Below are some records. Return exactly the lines from the one containing "Chibi Wonder Woman" through the one containing "4.5x6.5 - Baluch", both included, and only those.

====

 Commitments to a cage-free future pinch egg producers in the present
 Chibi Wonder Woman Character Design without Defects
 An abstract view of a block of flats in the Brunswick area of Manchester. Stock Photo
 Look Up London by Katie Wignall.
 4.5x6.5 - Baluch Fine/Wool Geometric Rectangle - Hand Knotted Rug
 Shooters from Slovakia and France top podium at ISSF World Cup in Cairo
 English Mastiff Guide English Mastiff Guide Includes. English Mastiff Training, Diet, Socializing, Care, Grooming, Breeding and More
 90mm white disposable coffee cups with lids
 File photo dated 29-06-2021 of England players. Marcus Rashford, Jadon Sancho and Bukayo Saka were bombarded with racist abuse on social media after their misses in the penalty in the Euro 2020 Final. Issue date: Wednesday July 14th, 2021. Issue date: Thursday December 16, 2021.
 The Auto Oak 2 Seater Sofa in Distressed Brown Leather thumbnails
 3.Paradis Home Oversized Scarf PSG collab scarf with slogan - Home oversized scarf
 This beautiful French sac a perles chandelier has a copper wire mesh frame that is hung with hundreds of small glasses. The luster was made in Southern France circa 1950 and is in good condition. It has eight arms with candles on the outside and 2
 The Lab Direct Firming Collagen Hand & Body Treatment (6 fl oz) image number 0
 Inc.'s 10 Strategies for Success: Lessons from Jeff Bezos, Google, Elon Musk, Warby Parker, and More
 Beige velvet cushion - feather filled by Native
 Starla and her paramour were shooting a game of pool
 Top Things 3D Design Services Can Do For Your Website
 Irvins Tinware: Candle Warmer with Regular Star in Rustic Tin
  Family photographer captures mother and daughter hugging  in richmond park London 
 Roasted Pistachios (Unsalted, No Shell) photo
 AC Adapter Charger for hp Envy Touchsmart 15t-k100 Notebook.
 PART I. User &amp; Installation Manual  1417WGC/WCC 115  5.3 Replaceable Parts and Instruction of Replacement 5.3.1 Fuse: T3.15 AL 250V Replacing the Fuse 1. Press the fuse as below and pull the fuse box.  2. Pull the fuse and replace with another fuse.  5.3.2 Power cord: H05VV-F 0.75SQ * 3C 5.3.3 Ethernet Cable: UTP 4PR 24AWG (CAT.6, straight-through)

====

Completed exercise |
 Chibi Wonder Woman Character Design without Defects
 An abstract view of a block of flats in the Brunswick area of Manchester. Stock Photo
 Look Up London by Katie Wignall.
 4.5x6.5 - Baluch Fine/Wool Geometric Rectangle - Hand Knotted Rug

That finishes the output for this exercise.